Story | 12/11/2019 10:57:05 | 5 min Read time

Forests are now gaining attention in the EU

There is a growing debate in the EU on the role of forests in shifting towards a more sustainable future. EU forests officials are especially interested in the Nordic approach to sustainable forest management and the wood-based bioeconomy.

As we tackle the ongoing challenges of urbanisation, global population growth and climate change, forests are more relevant today than ever. From renewable biomaterials to mitigating climate change, forests offer solutions to many wicked problems, and expectations of what they can deliver have only increased.

European forestry officials see the increased attention as a positive development, because it shows that people are now realising the important role that forests play for our overall wellbeing.

“The experts know very well that forests have multiple functions and yield products offering solutions to many problems. However, more needs to be done to make people outside the sector aware of these opportunities and solutions,” says Aljoscha Requardt, Policy Advisor at the German Federal Ministry of Food and Agriculture.

Requardt and other senior forest officials from EU member countries visited Finland in September for an informal EU forest directors-general meeting. The EU does not have a common forest policy, but the meeting, held once every EU presidency, provides an opportunity to exchange views and information on national and European forest issues.

What to plant for the future?

Climate change and the bioeconomy are currently two major themes discussed across the board in the EU. Forests and wood capture and store carbon dioxide (CO2), a key greenhouse gas causing global warming. Yet forests themselves need to be resilient enough in order to continue providing important ecosystem services as well as generate economic resources and other opportunities for society.

“The importance of forests in mitigating climate change and the need to adapt them to altered climatic conditions is a baseline of all our policies,” says Nuno Sequeira, Member of the Board at Portugal’s Institute for Nature Conservation and Forests.

This point has been on the table in Germany, where unusually dry and hot summers in recent years have left trees vulnerable to bark beetle infestation.
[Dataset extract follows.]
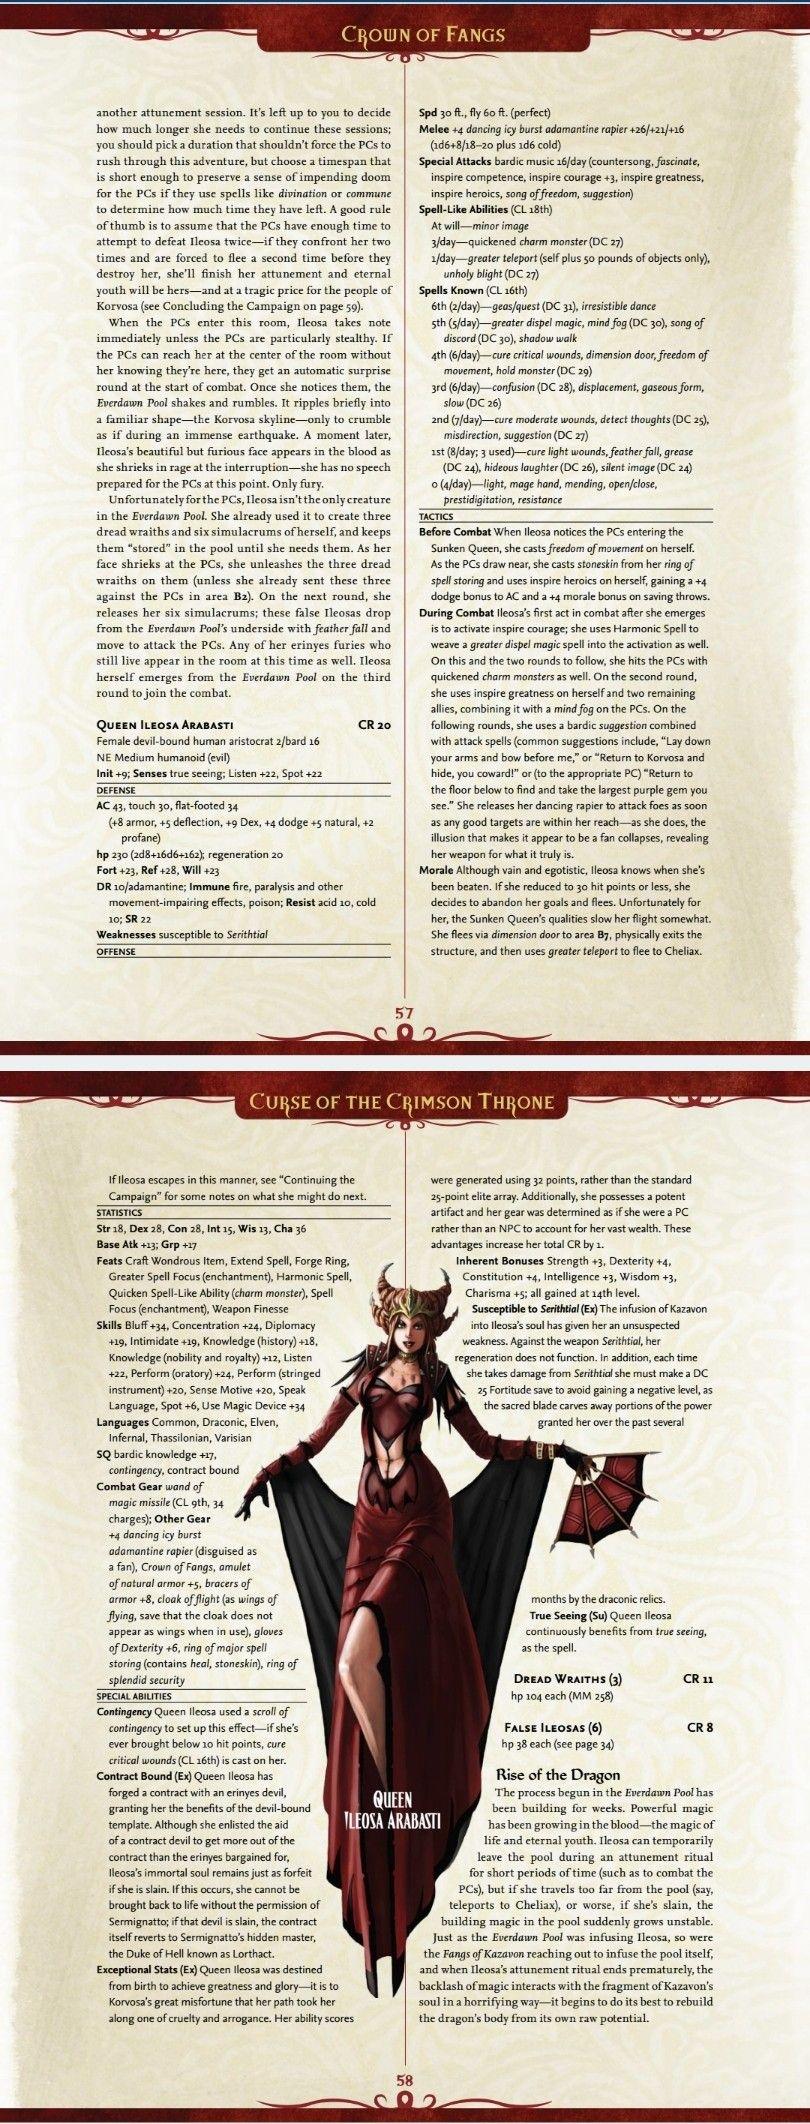 Queen Ileosa Arabasti (Curse of the Crimson Throne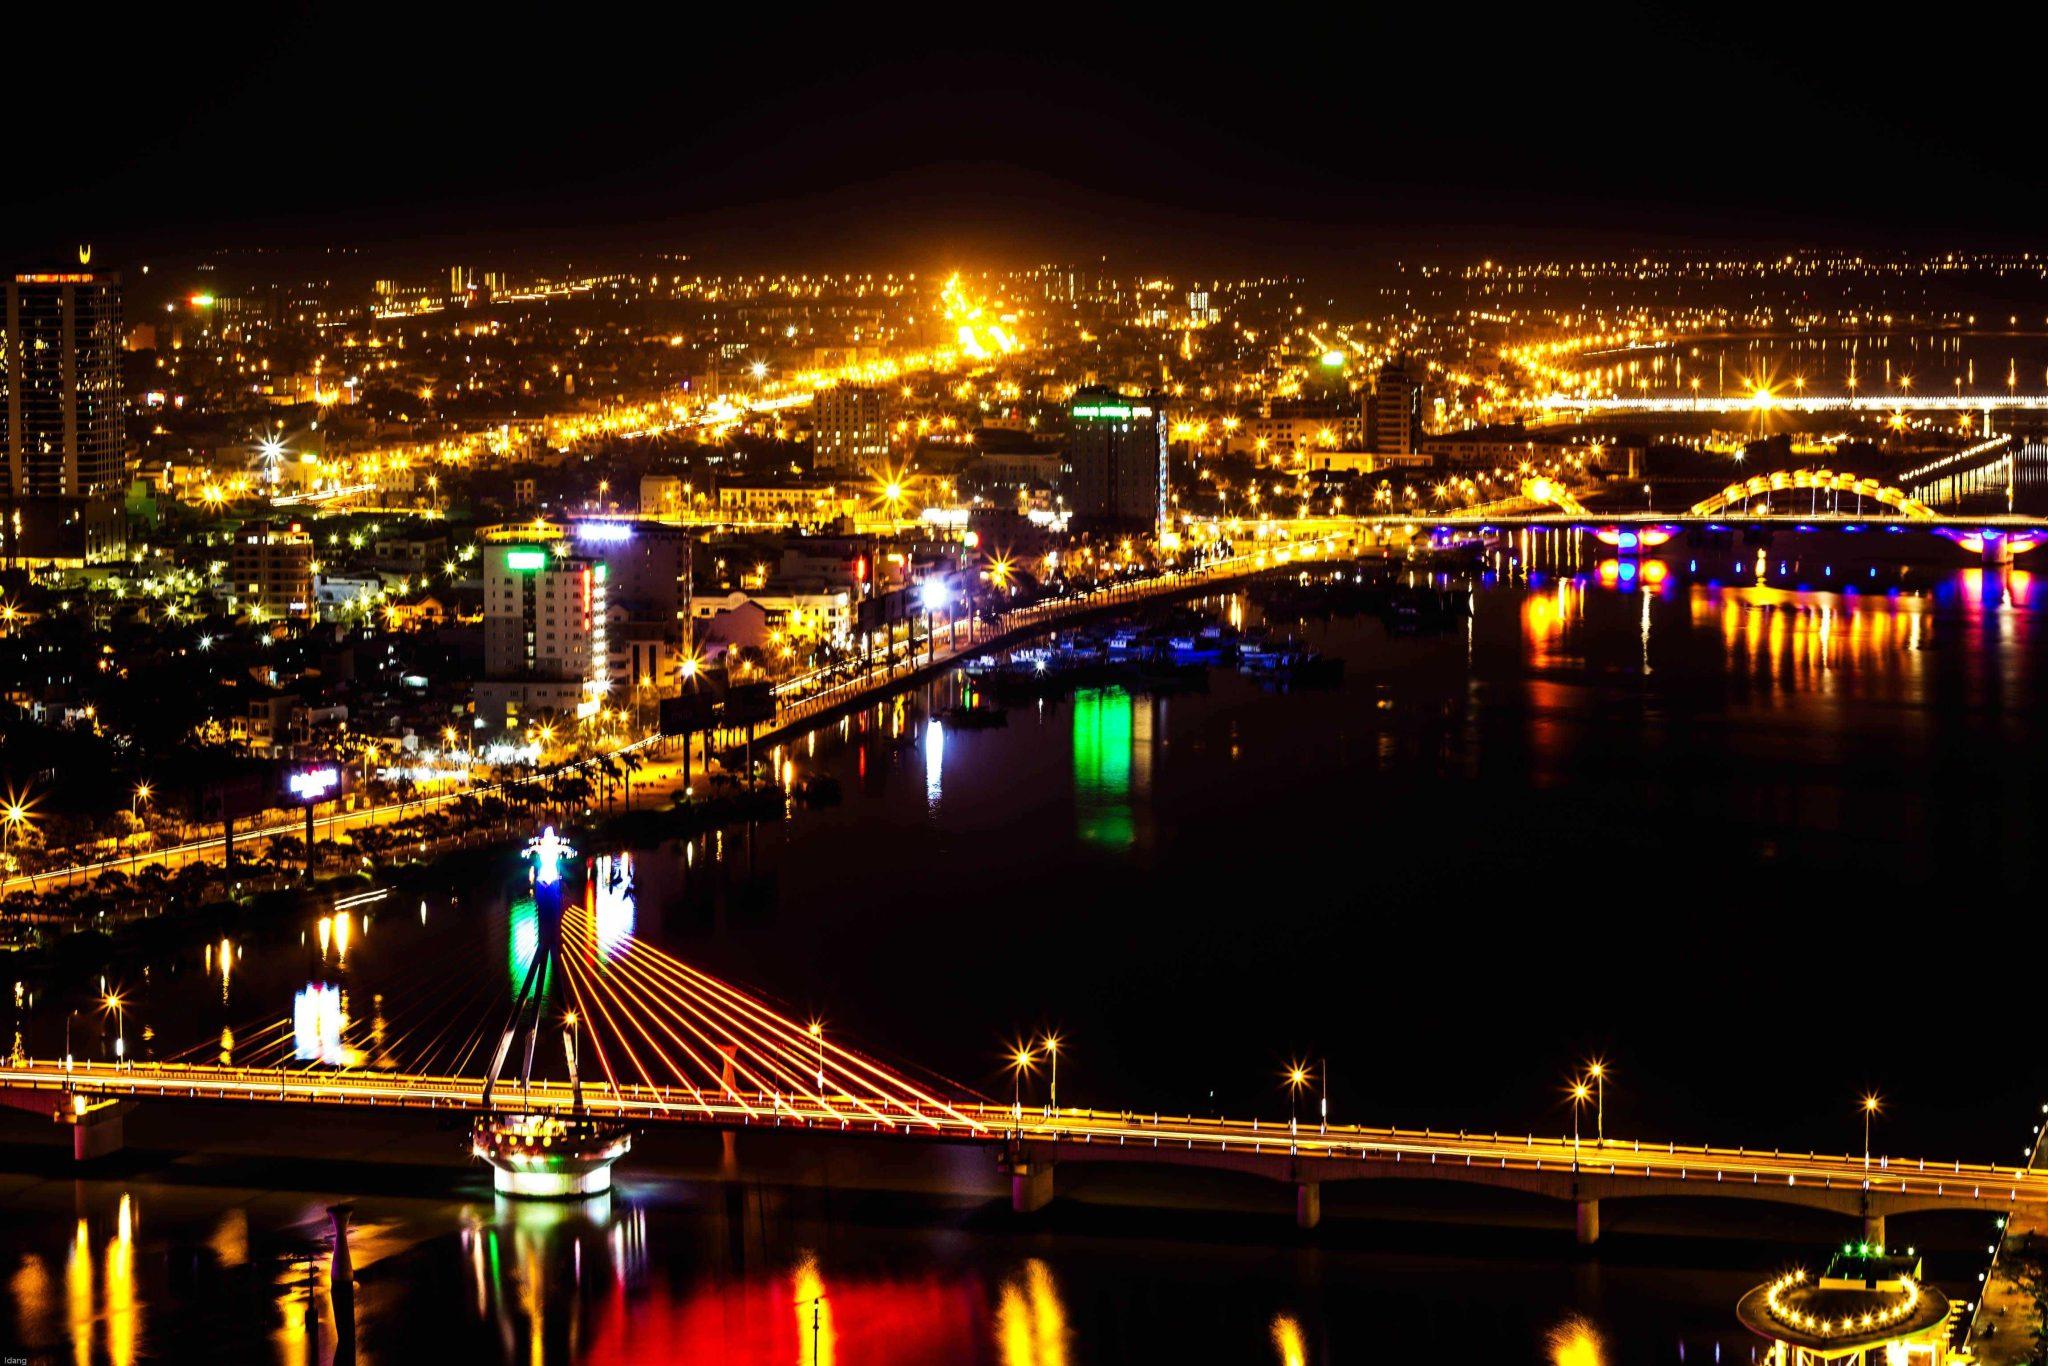 cau song han da nang 1 min 1 scaled - Review Cầu Sông Hàn Đà Nẵng: Thời Gian Quay, Cách Đi Đến

The situation is comparable to the forest decline caused by acid rain in the 1980s.

“This time the problems are likely rooted in climate change, so finding solutions and answers is more complicated,” says Requardt. “What is needed now is more research into what to plant for the future.”

For Fanny-Pomme Langue, Secretary General at the Confederation of European Forest Owners (CEPF), the key to ensuring that forests can meet different societal expectations, first among them mitigation of climate change, lies in sustainable forest management, which encompasses economic, social as well as environmental aspects.

“I believe the forests can deliver many of the benefits expected from them, including carbon sequestration and storage and biodiversity conservation, thanks to sustainable and multifunctional forest management carried out by forest owners on a daily basis,” Langue says.

“If we want forests to play a key role in climate change mitigation, we need to acknowledge and support the role of forest owners in managing their forests and making these forests more resilient in the future,” she adds.

The bioeconomy shift

There are many ways in which the forests can help us on a path towards a more sustainable future. Renewable wood-based materials can replace fossil fuels and other carbon-intensive materials, such as transport fuels, plastics, textiles and construction products.

Besides being a bioeconomy forerunner, Finland has also been at the forefront of developing responsible and efficient forest management practices, allowing forests to grow longer while also preventing forest fires and damage. Despite growth in the use of wood resources, Finland’s forest reserves are today larger than ever.

“New investments have revitalised the forest industry in recent years. We have a large carbon sink in our forests, and we use less than we grow. Forests also have other forms of intangible value. Many Finns like to go hiking, picking berries, mushrooming or hunting, all of which are good for physical and mental health,” explains Juha Niemelä, Director-General of the Natural Resources Department at the Finnish Ministry of Agriculture and Forestry.

Finland has also promoted the importance of forests in the EU. During its presidency, Finland has now started preparations for a new strategy to replace the current one, which is valid until 2020.

“Forestry policy is decided on a national basis, but the sector is also affected by other spheres of Europewide legislation, such as EU climate, energy and finance policy. We need to analyse carefully whether a strategy paper is a powerful enough tool for responding to this new situation, Niemelä says.